In the listing below, locate the line containing "Robot Restaurant the" and the line containing "Вакуумная Крышка для". Output both of them and every line between, exactly as written, and nothing more.

**DATA EXTRACT**

--- --- ---

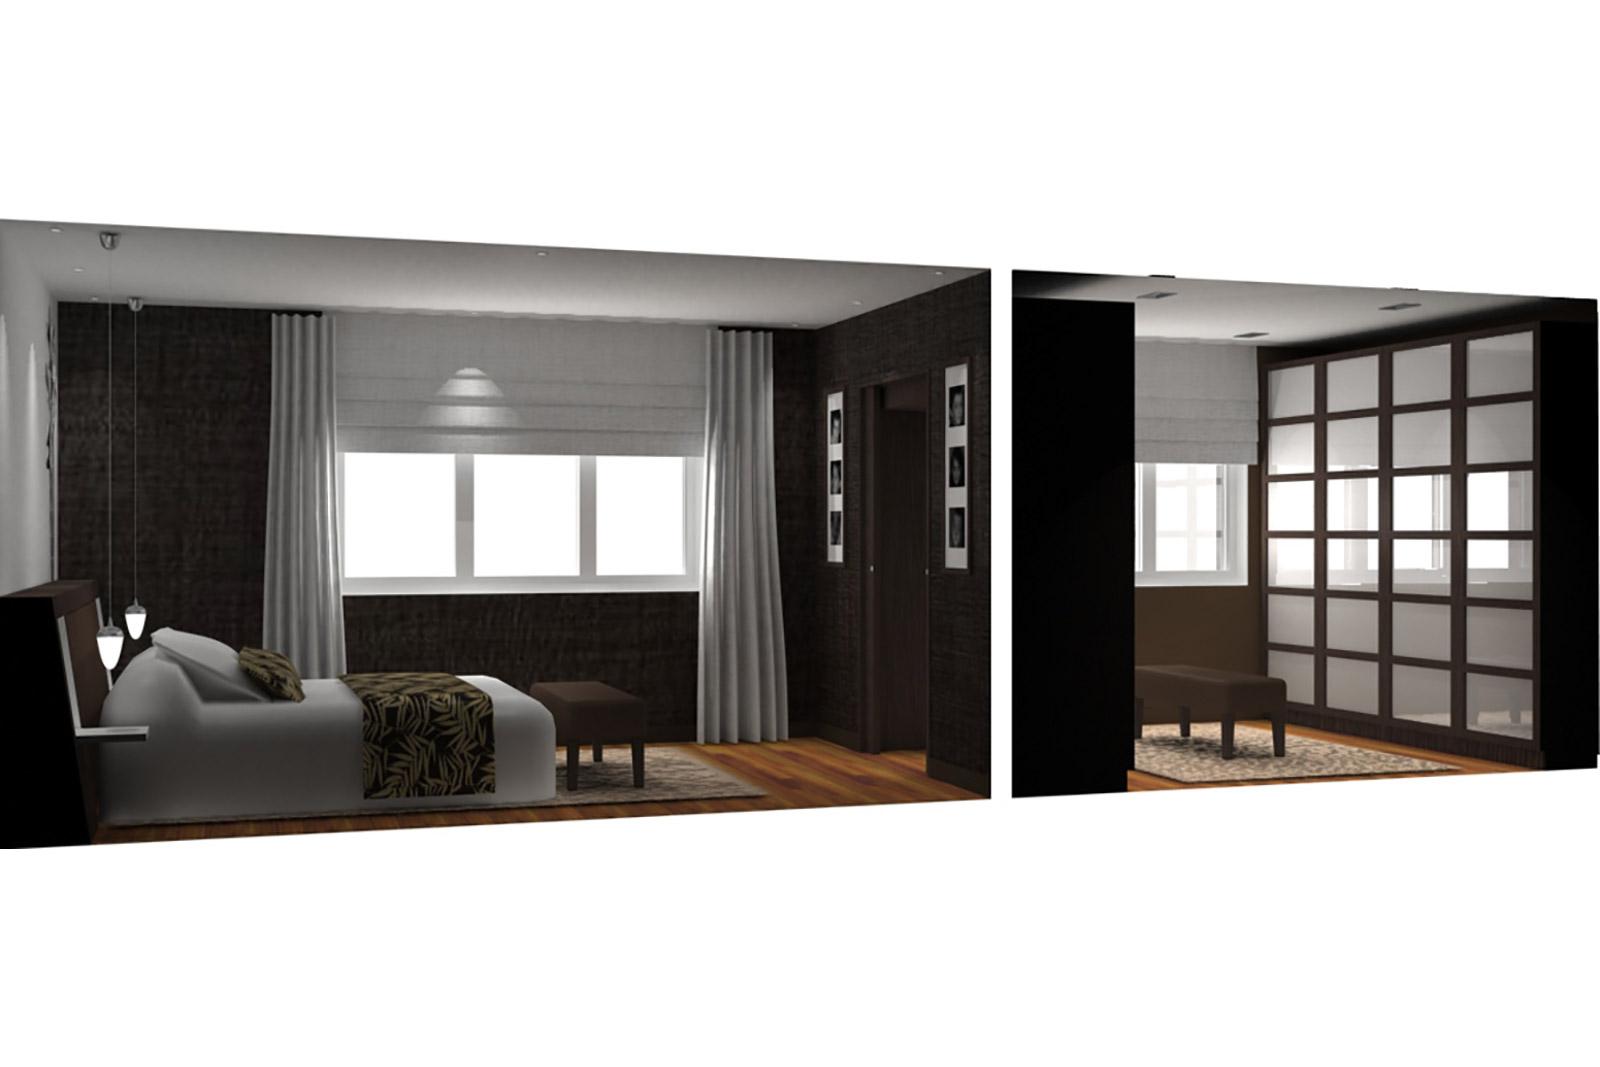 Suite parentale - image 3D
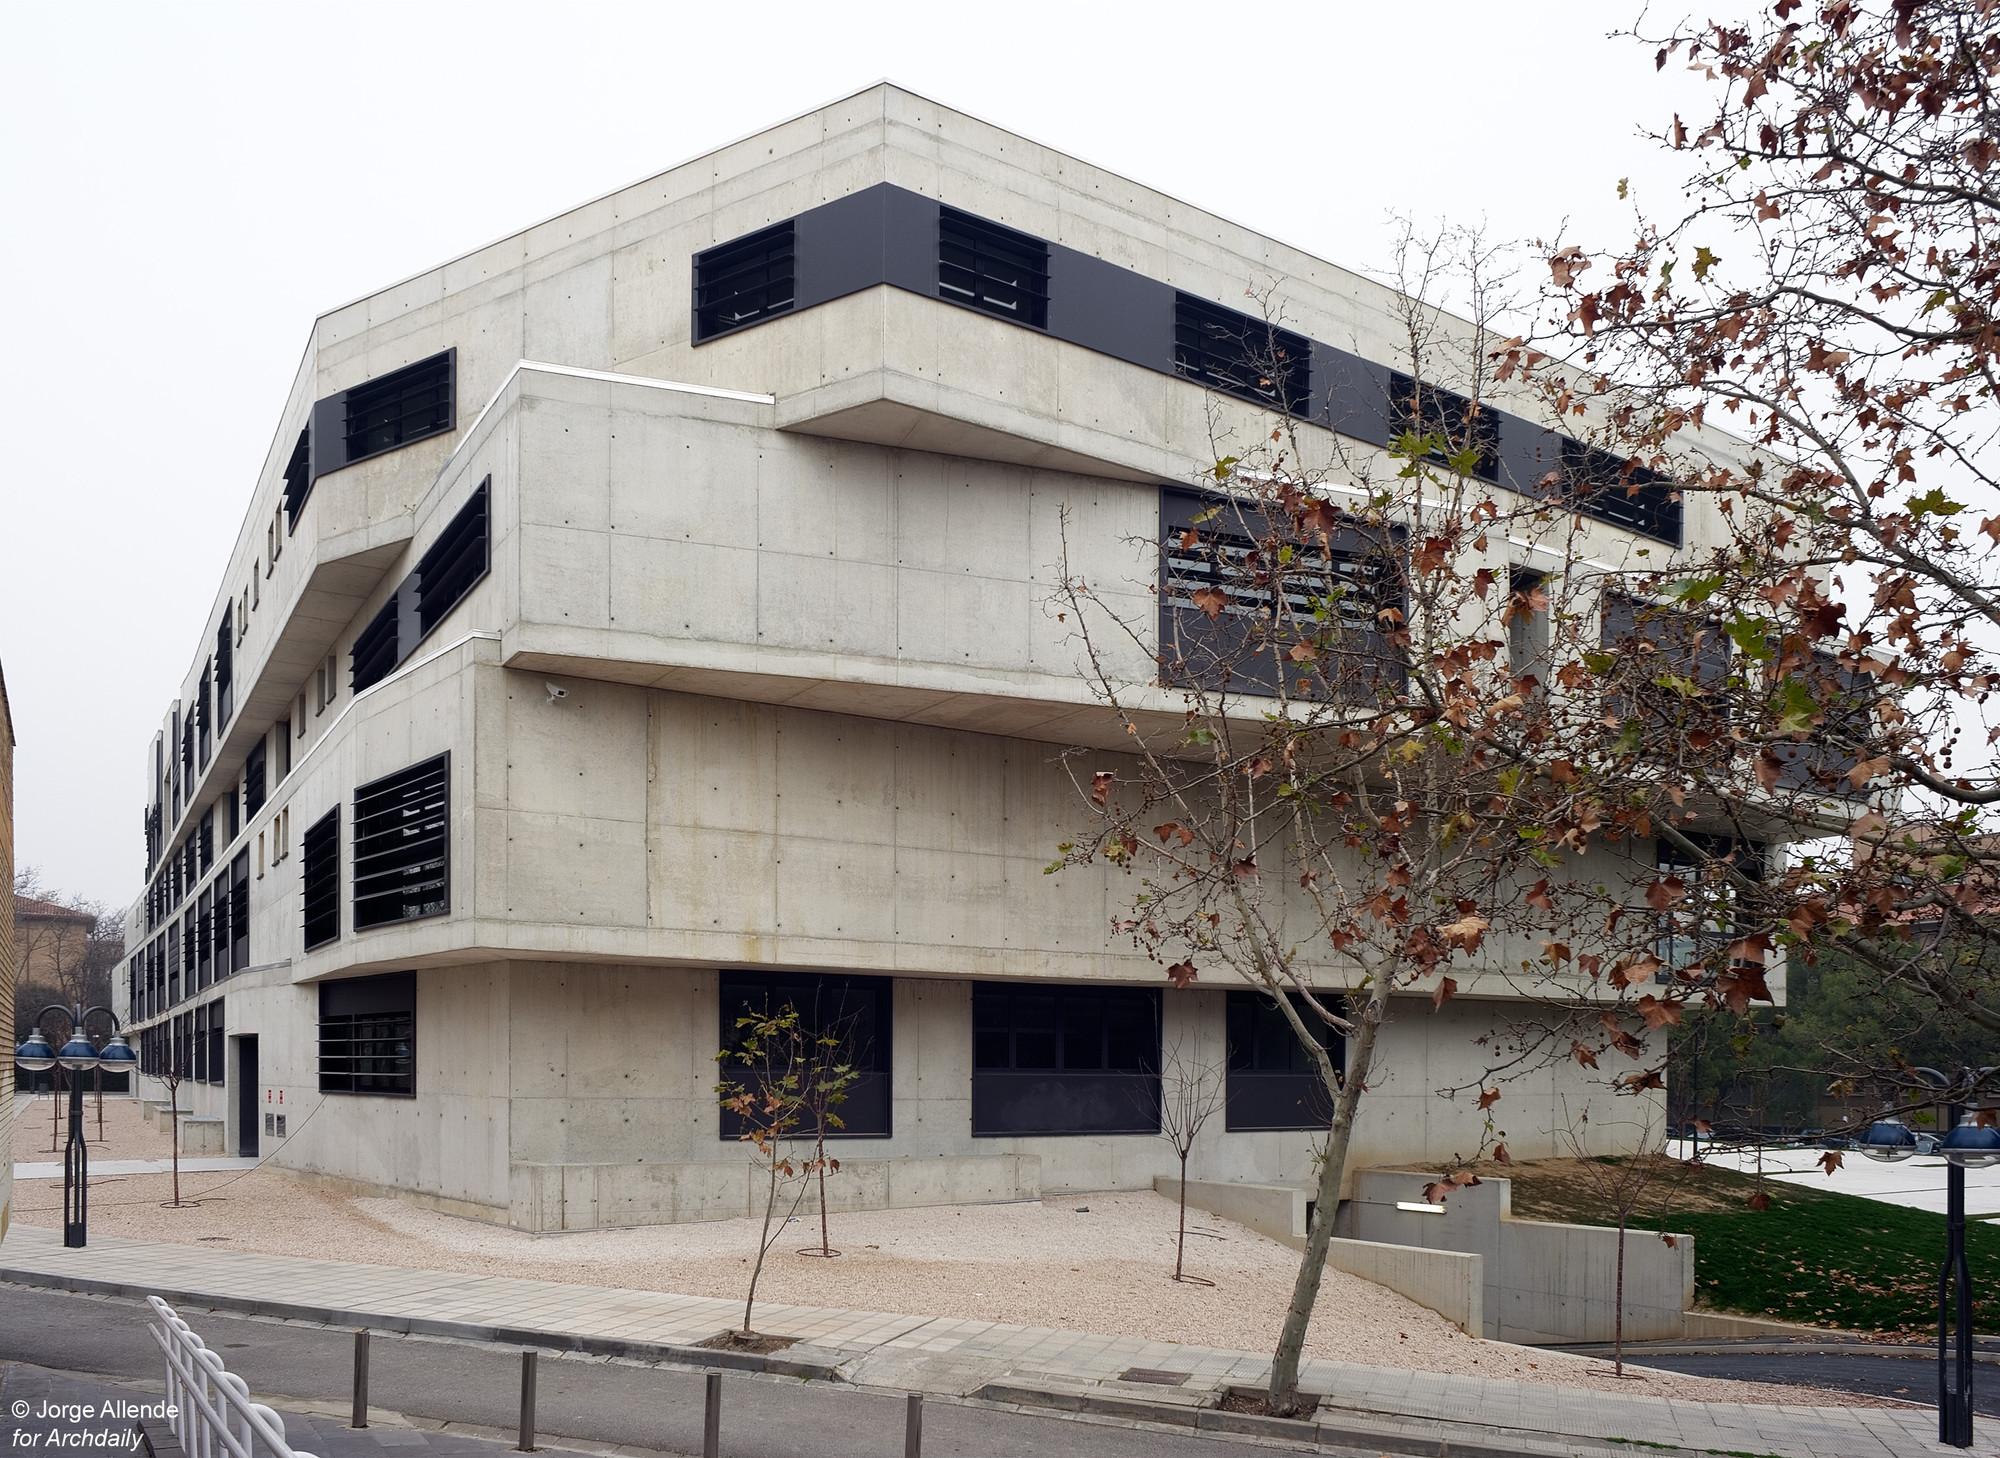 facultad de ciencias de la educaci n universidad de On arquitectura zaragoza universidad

--- --- ---

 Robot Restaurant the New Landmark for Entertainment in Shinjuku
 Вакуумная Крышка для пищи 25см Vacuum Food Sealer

--- --- ---

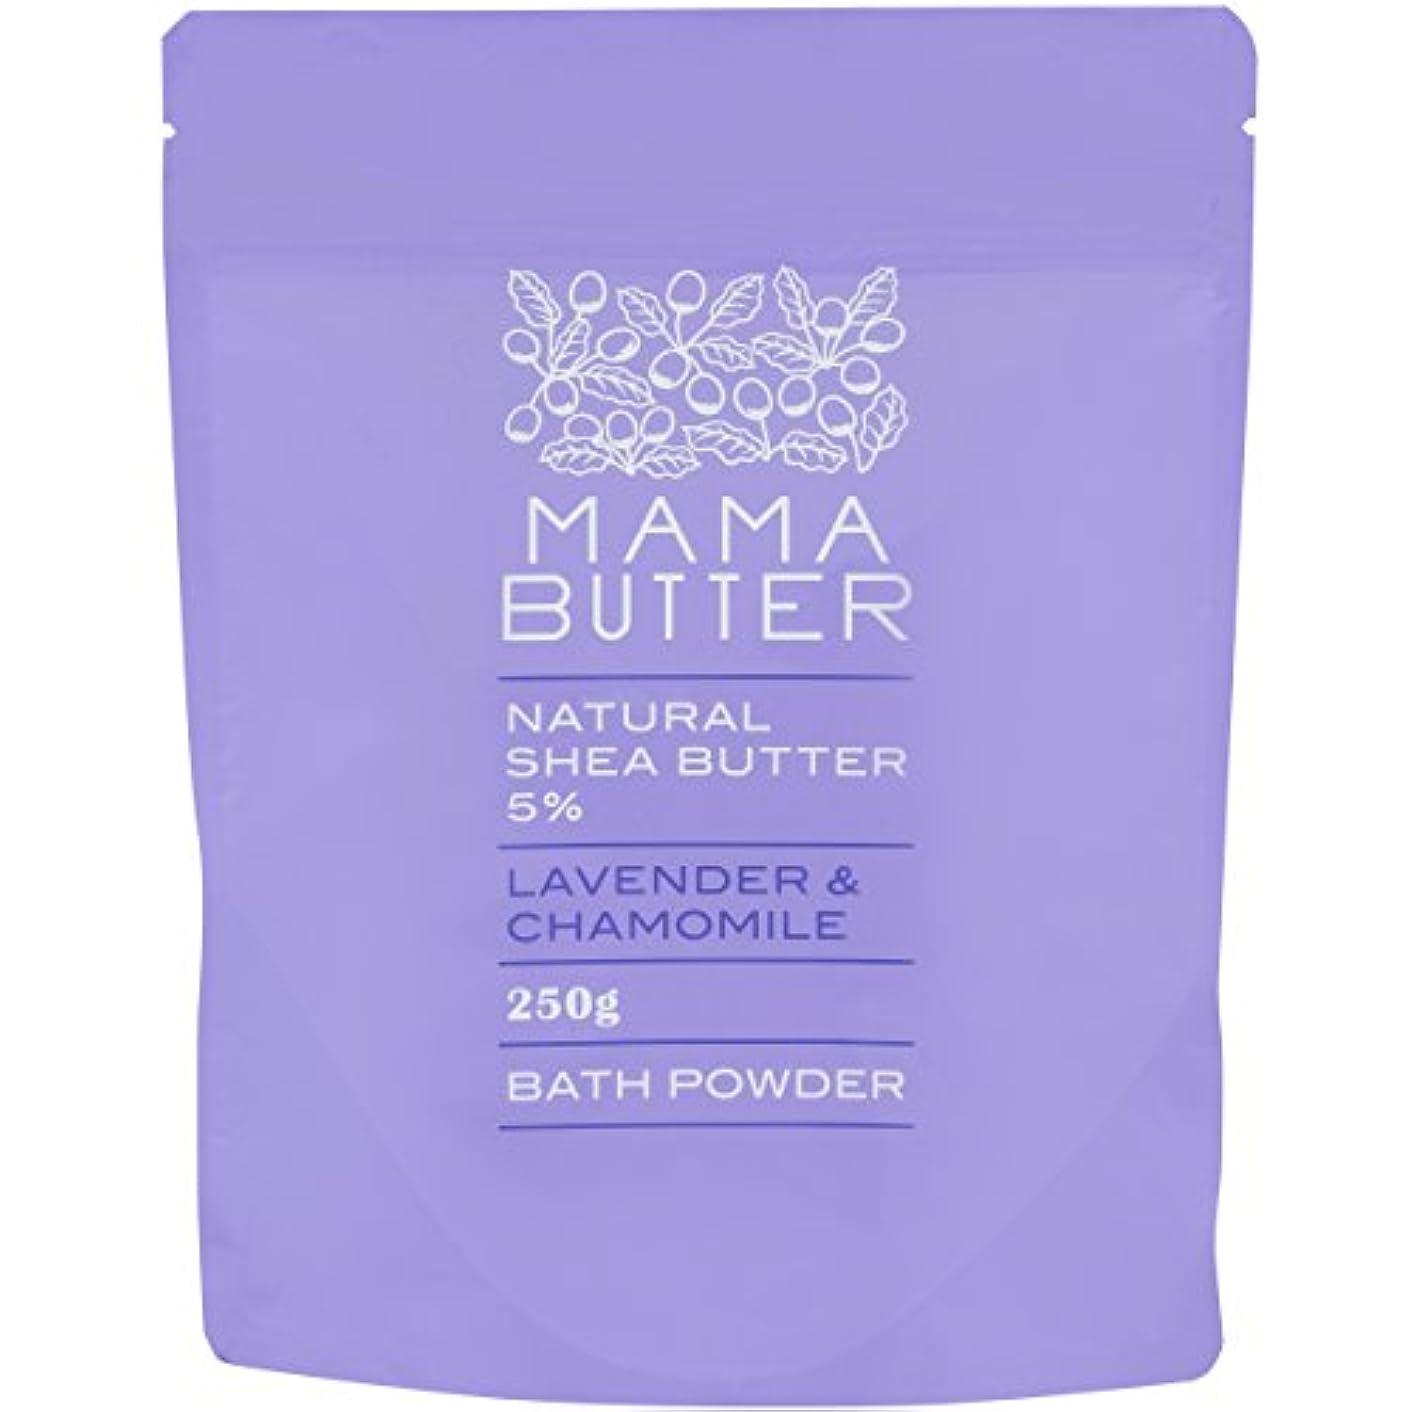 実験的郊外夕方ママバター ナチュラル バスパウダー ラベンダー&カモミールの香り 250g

--- --- ---

**TASK RESPONSE**
 Robot Restaurant the New Landmark for Entertainment in Shinjuku
 Вакуумная Крышка для пищи 25см Vacuum Food Sealer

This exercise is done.